[Work to complete]
The answer must reproduce all of the data below exactly and contain no images.

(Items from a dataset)

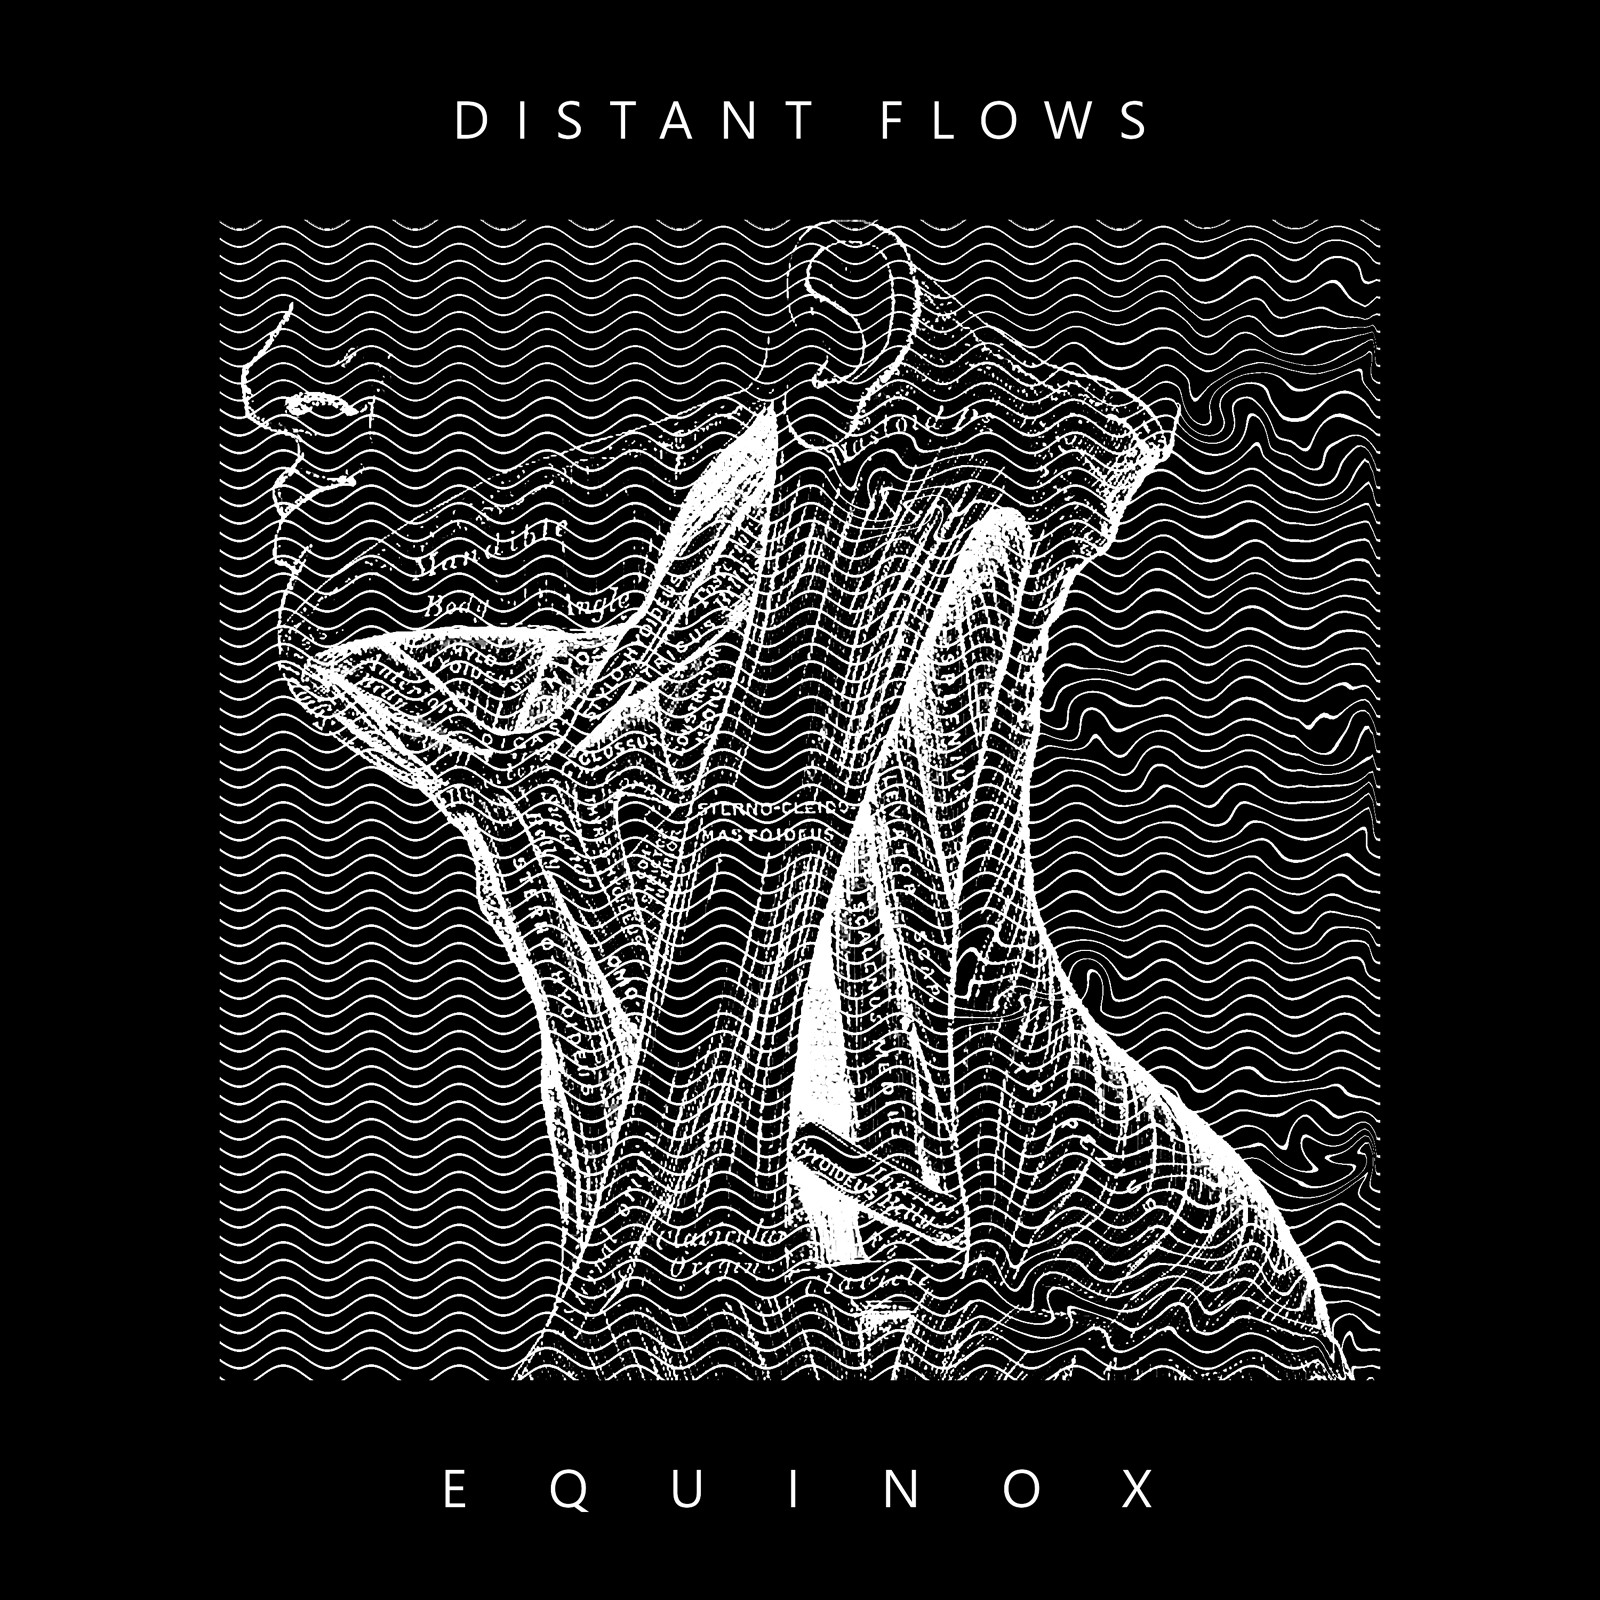 Distant Flows 'Equinox' Album Listening Party at To The Moon
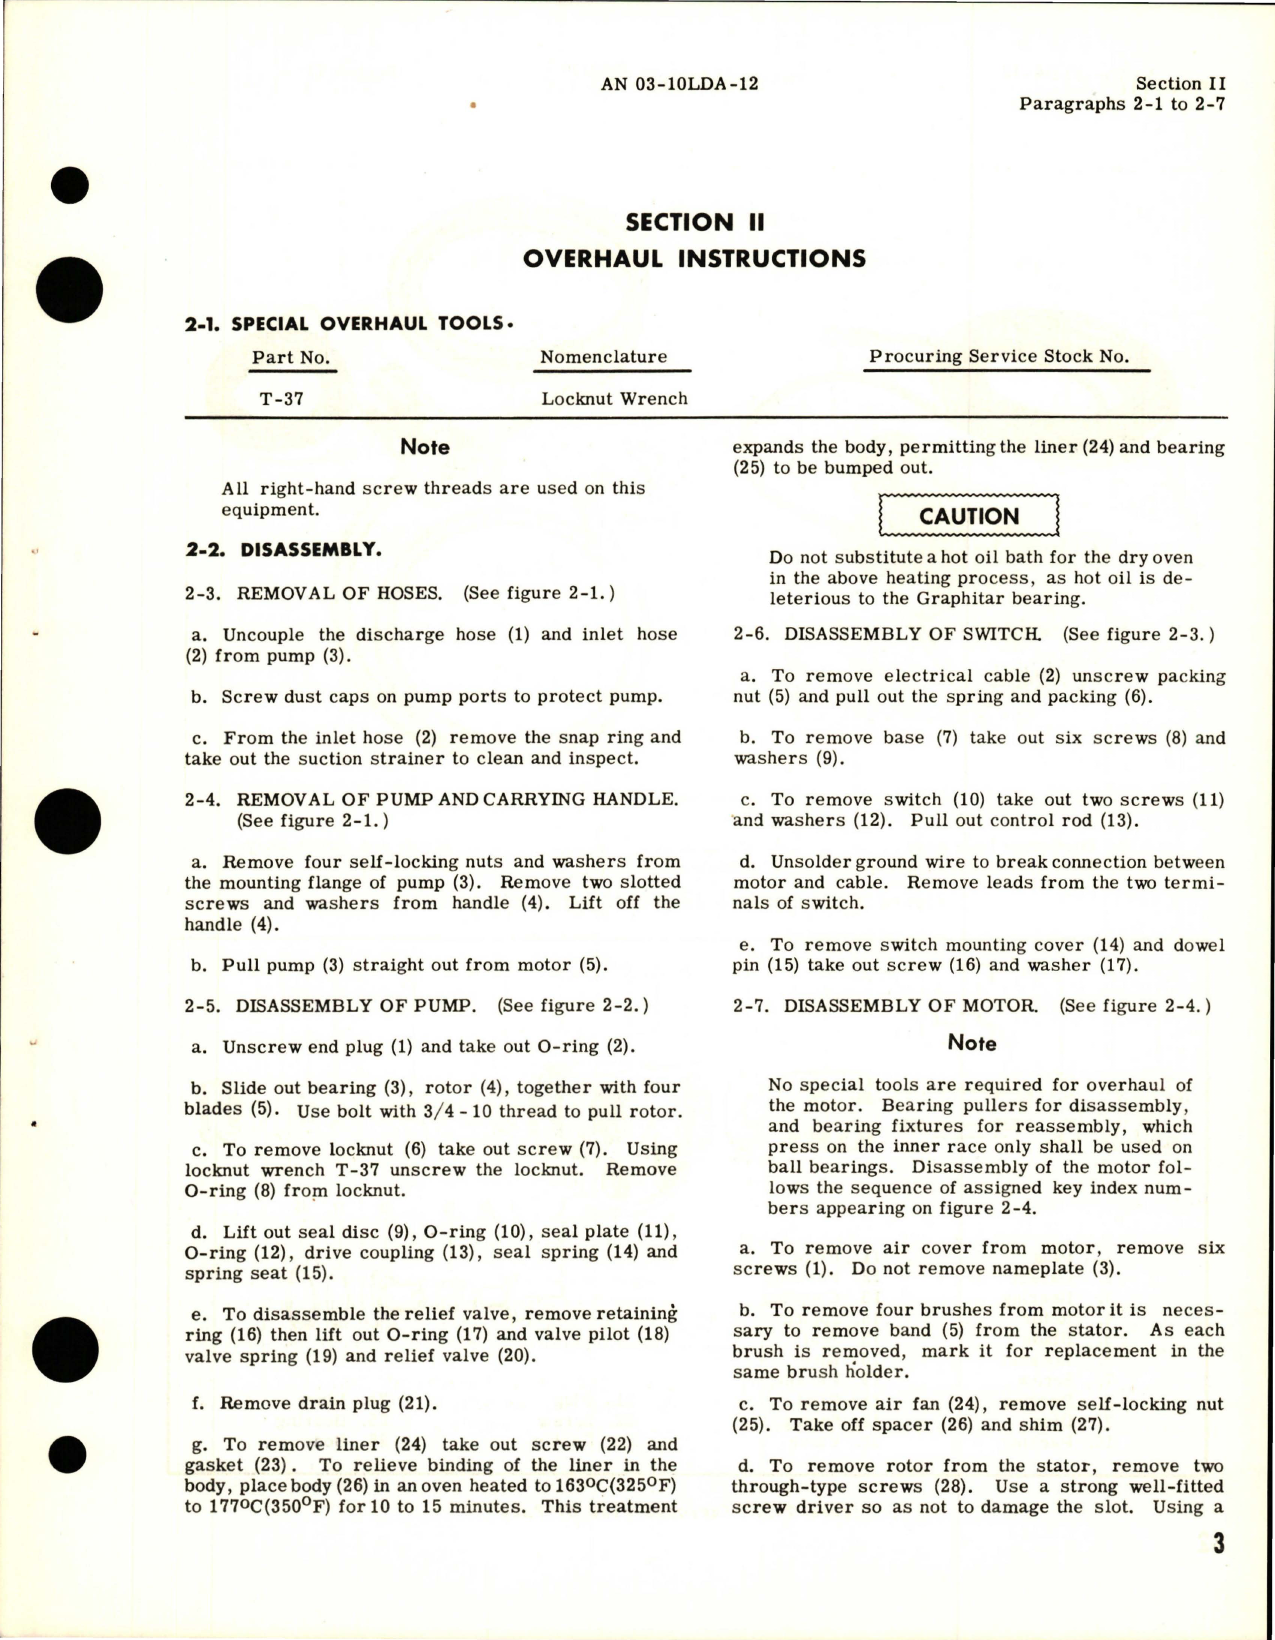 Sample page 7 from AirCorps Library document: Overhaul Instructions for Portable Bilge & Refueling Unit - Model RR-9110
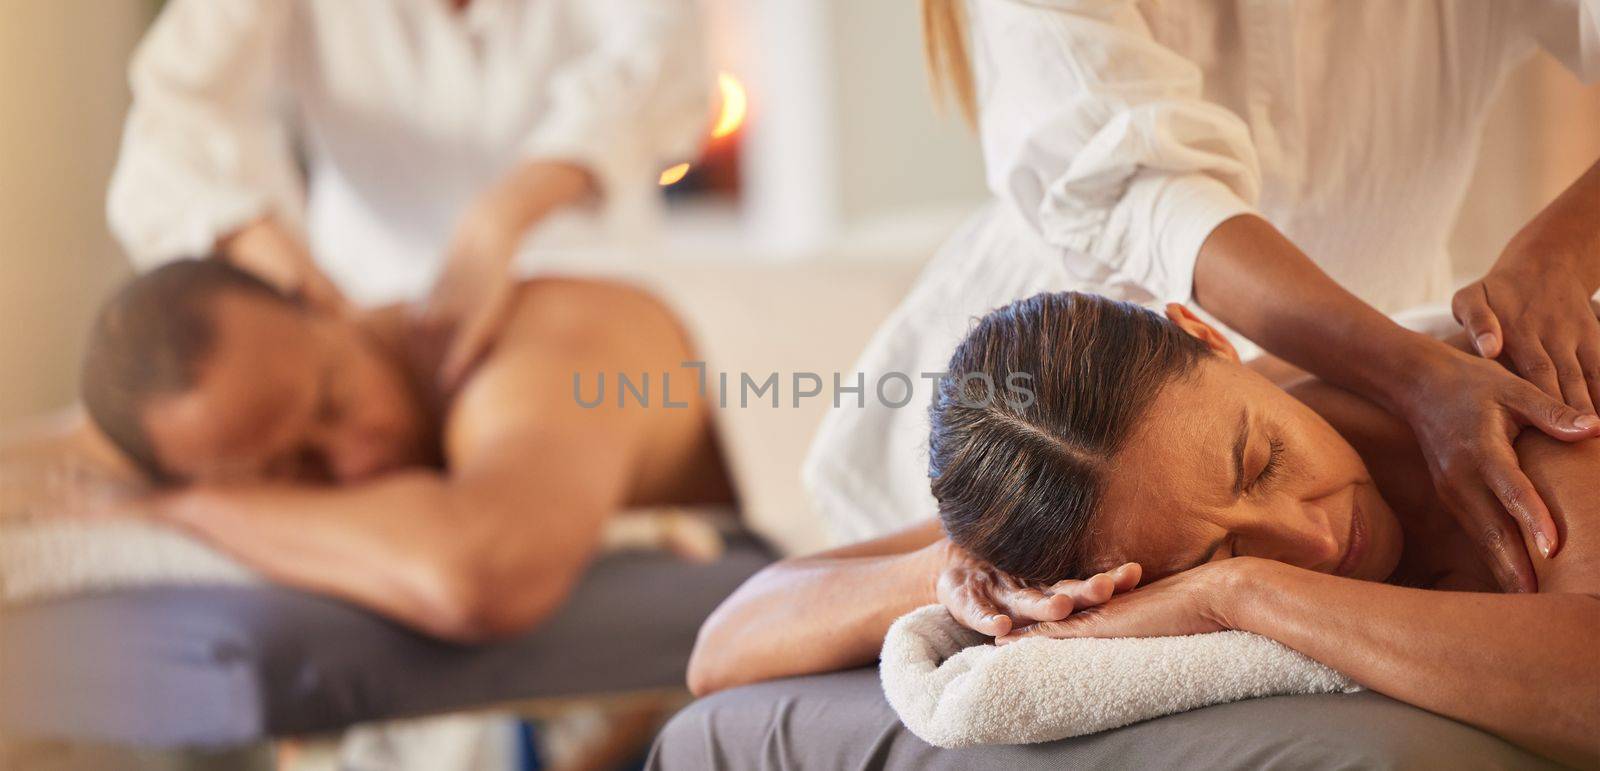 Massage, relax and peace with couple in spa for healing, health and zen treatment. Detox, skincare and beauty with hands of massage therapist on man and woman for calm, physical therapy and luxury.
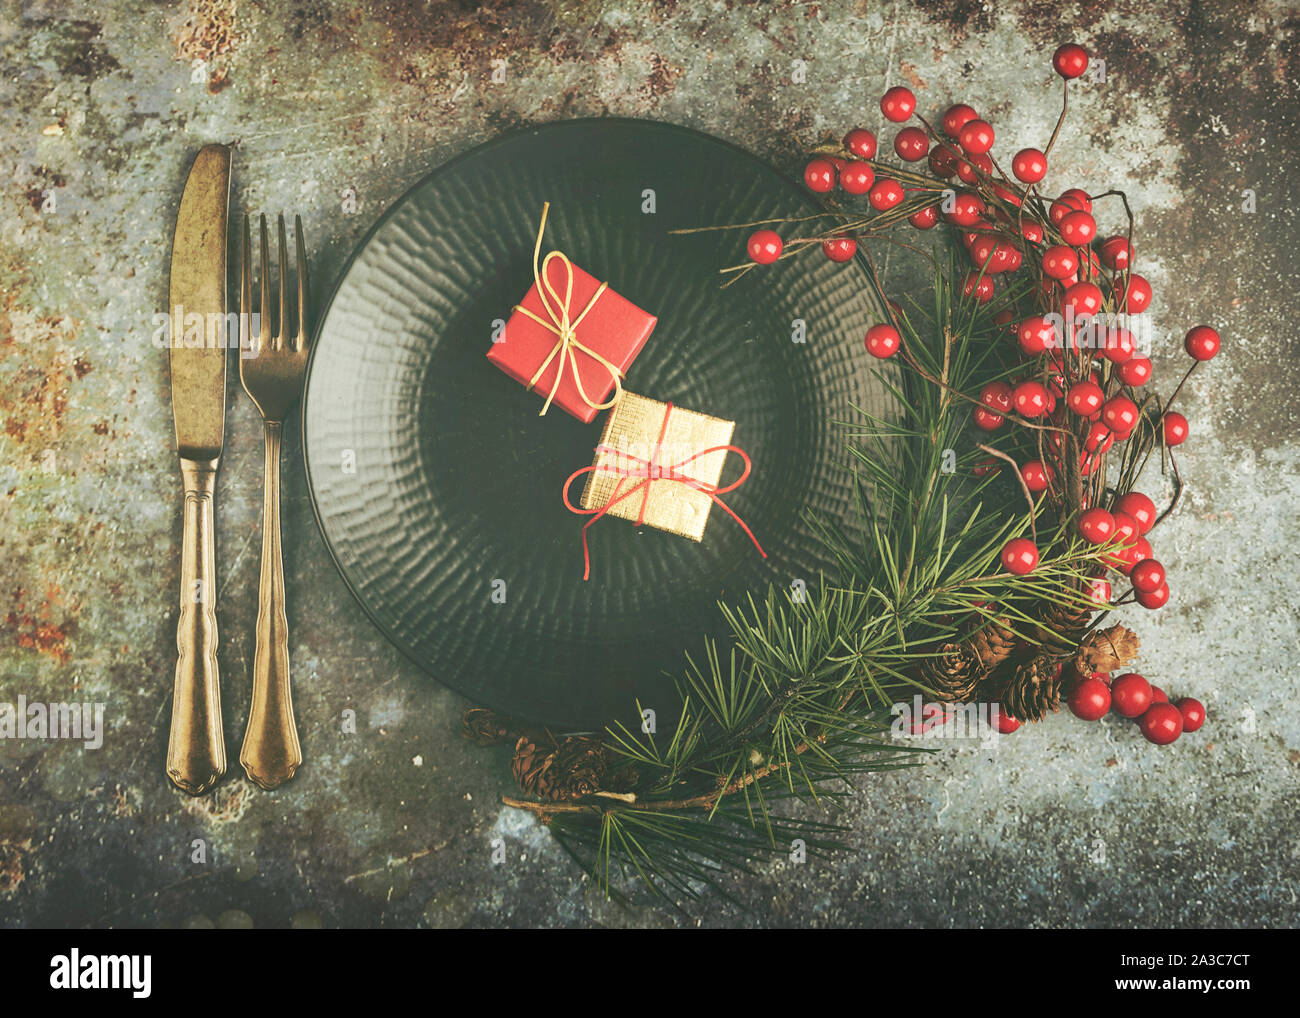 Christmas presents served on plate for Christmas Dinner with wreath on Grunge background Stock Photo
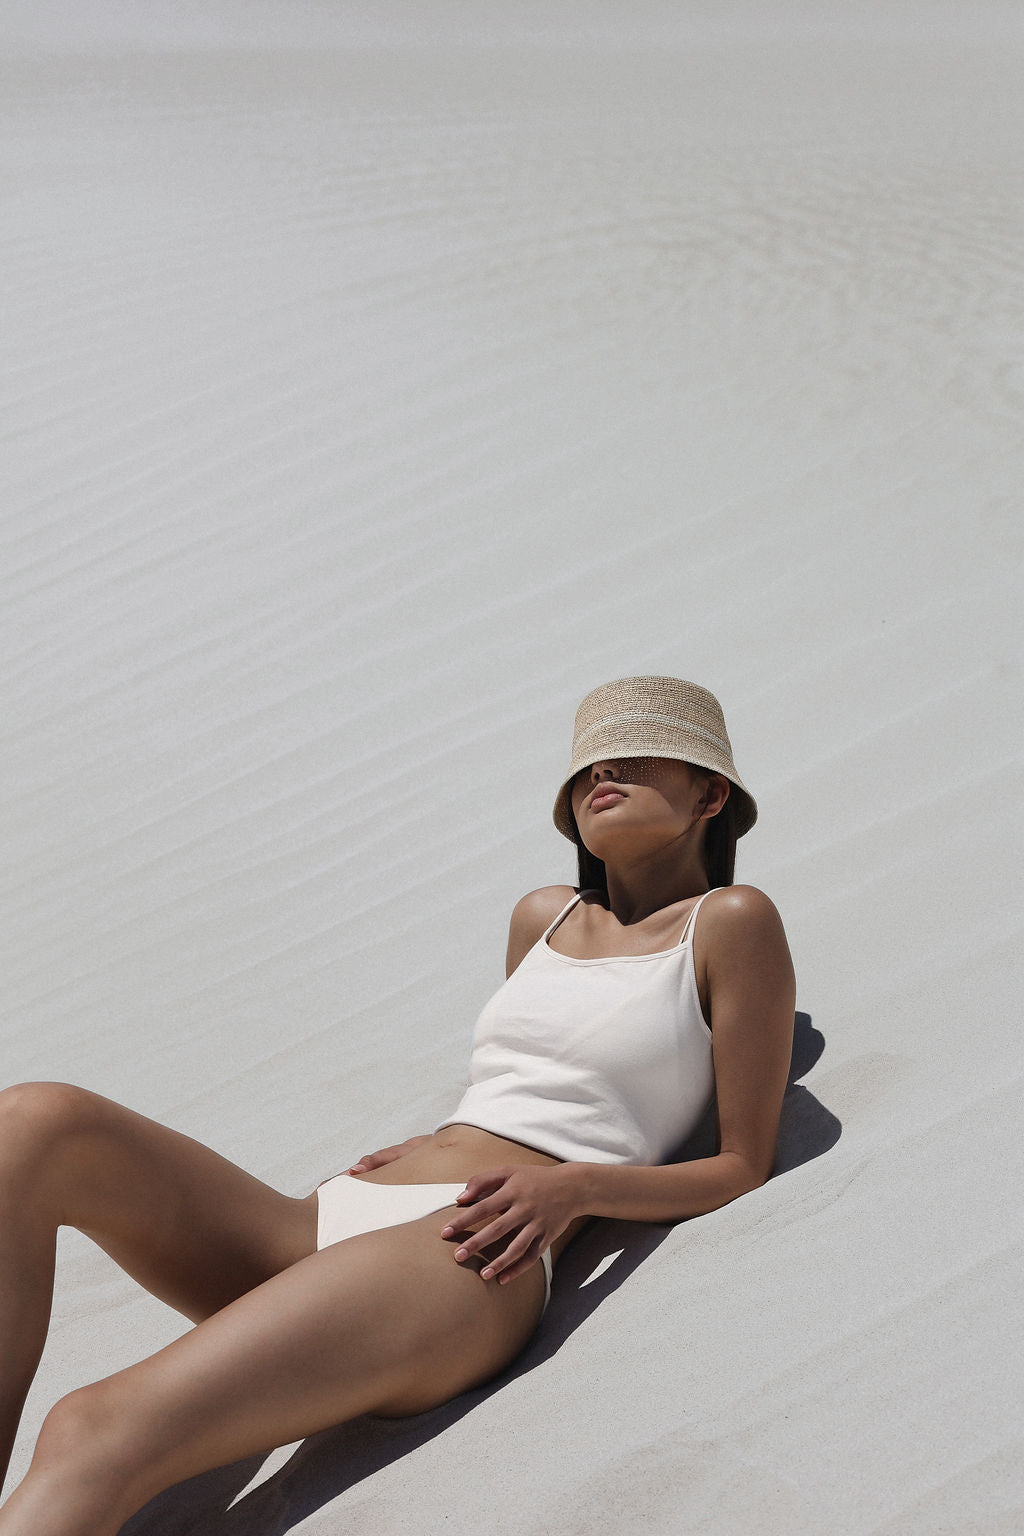 Lila Bucket Hat - Sand & Natural

[Task solution]
 Distant Flows 'Equinox' Album Listening Party at To The Moon
 Sample page 7 from AirCorps Library document: Overhaul Instructions for Portable Bilge & Refueling Unit - Model RR-9110
 Massage, relax and peace with couple in spa for healing, health and zen treatment. Detox, skincare and beauty with hands of massage therapist on man and woman for calm, physical therapy and luxury.
 Christmas presents served on plate for Christmas Dinner with wreath on Grunge background Stock Photo
 Lila Bucket Hat - Sand & Natural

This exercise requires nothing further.